Our product is a 2D simulation of autonomous vehicles approaching a traffic-light-free four-way intersection, aiming to coordinate safely without relying on traditional traffic lights. Each vehicle shares information such as its position, speed, direction, priority, and intended path, then participates in a bidding process to negotiate its passing. The system evaluates whether proposed agreements between vehicles are safe by checking possible conflicts, safety distances, and crossing order. If a safe agreement is found, the vehicles adjust their behavior accordingly. If negotiation fails, the system switches to a fallback mechanism to prevent collisions. The impact of the solution is that it provides the client with a platform for studying autonomous intersection management. It helps compare decentralized bidding against the safer fallback baseline to improve traffic flow and efficiency.

The customer

Our client was Richard van Dijk, a researcher at LIACS, Leiden University. When proposing the project, his goal was to explore how autonomous vehicles can coordinate safely and efficiently by sending proposals and agreements to a traffic controller. Communication focused on clarifying the expected behavior, including the negotiation mechanism, safety rules, fallback behavior, and performance criteria. We would meet weekly, and his feedback helped us gradually refine the project scope, eventually turning the project from a basic vehicle simulation into a system with bidding logic, collision prevention, and dashboard metrics.

The team

Our team worked using Scrum.

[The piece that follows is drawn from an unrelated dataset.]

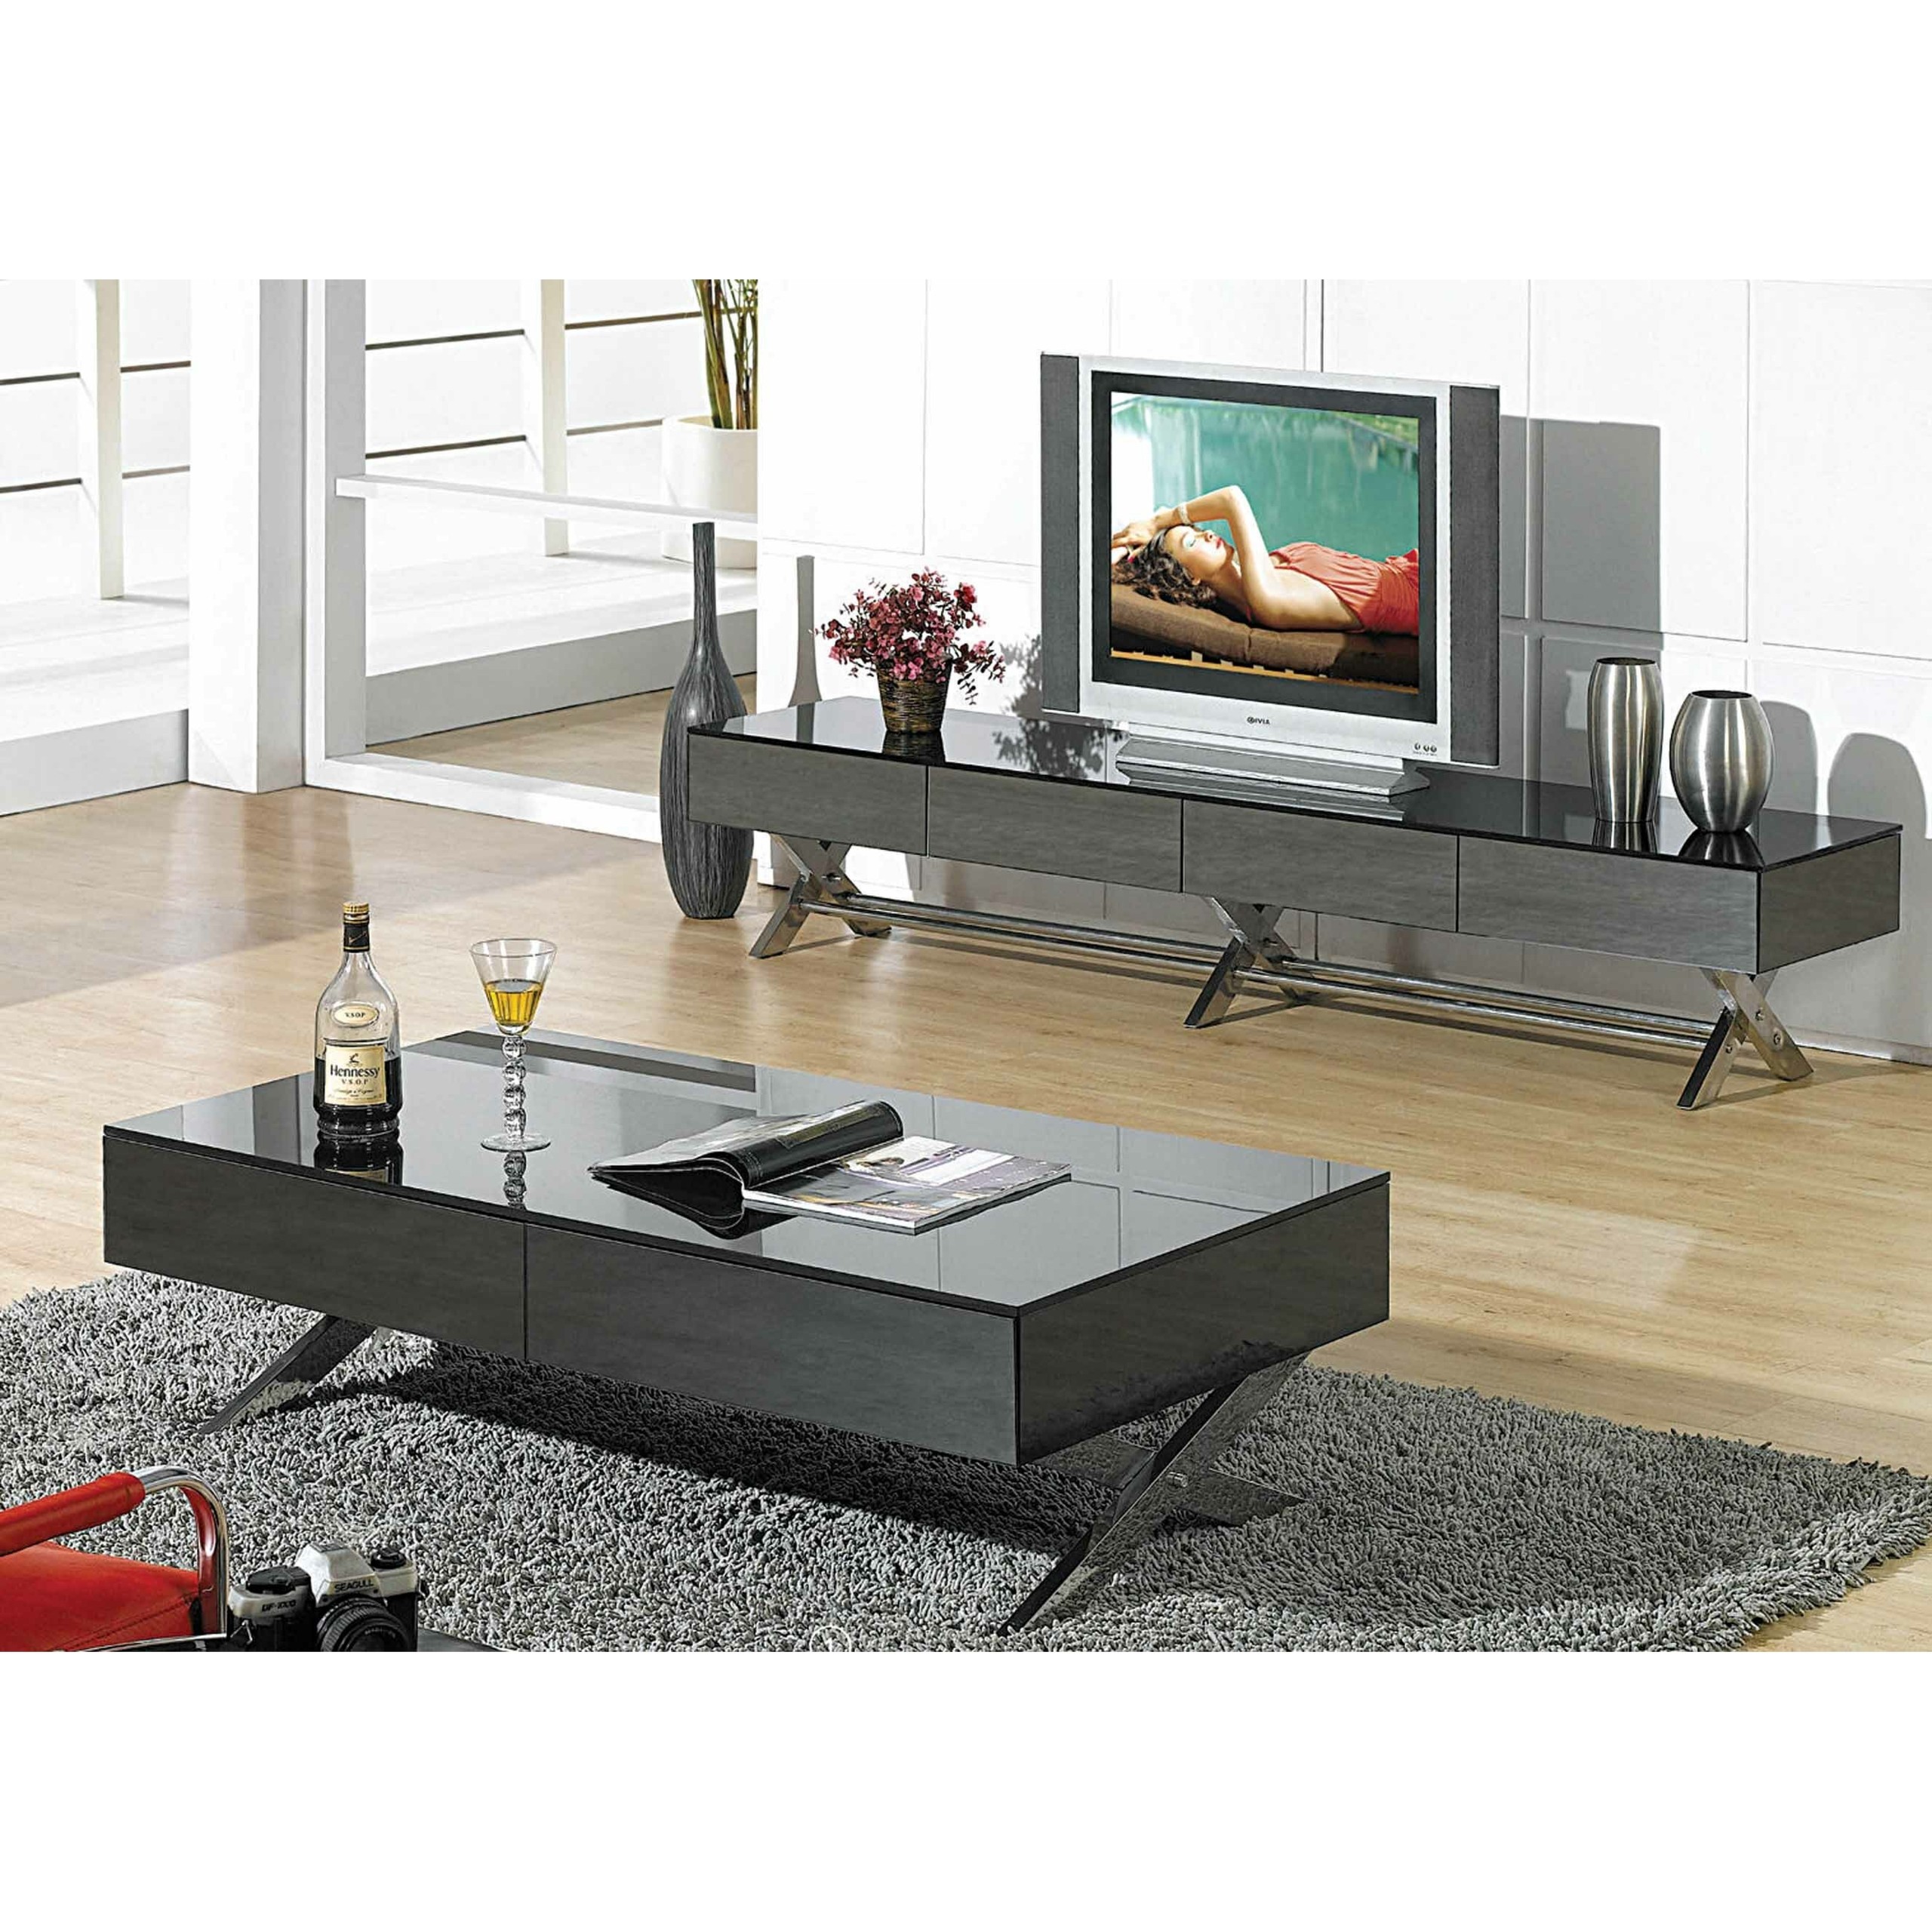 Tv stand back panel

Viktoria acted as Scrum Master, coordinating sprint planning and progress, while Nathanael acted as Product Owner, managing the backlog and reviewing product increments. The rest of the team worked as developers and/or researchers depending on current demands. We divided the work through sprint planning, GitHub issues, and PRs. Each team member focused on specific parts of the system, such as conflict handling, negotiation, testing, or code quality. Collaboration improved throughout development as we clarified acceptance criteria and reviewed each other’s work. We experienced some teamwork challenges halfway through development, but were able to work those out through open discussion and clarifying commitments. We are most proud of delivering a working multi-agent traffic simulation with bidding and fallback systems.

The technologies

Languages:

  • Python: implementation of the simulation, autonomous agents, traffic rules, bidding logic, testing, and command-line interface.

Important frameworks and libraries:

  • Pygame: 2D rendering, simulation window, input handling, and visualization of the crossroad environment.
  • Python multiprocessing: running simulations and graphing/comparison modes in separate processes.
  • NumPy and Matplotlib: graphing and analysis tools for simulation results.

Tooling:

  • pytest and unittest: automated tests for spawning, bidding behaviour, fallback rules, priority rules, and smoke checks.
  • Ruff: Python linting and code quality checks.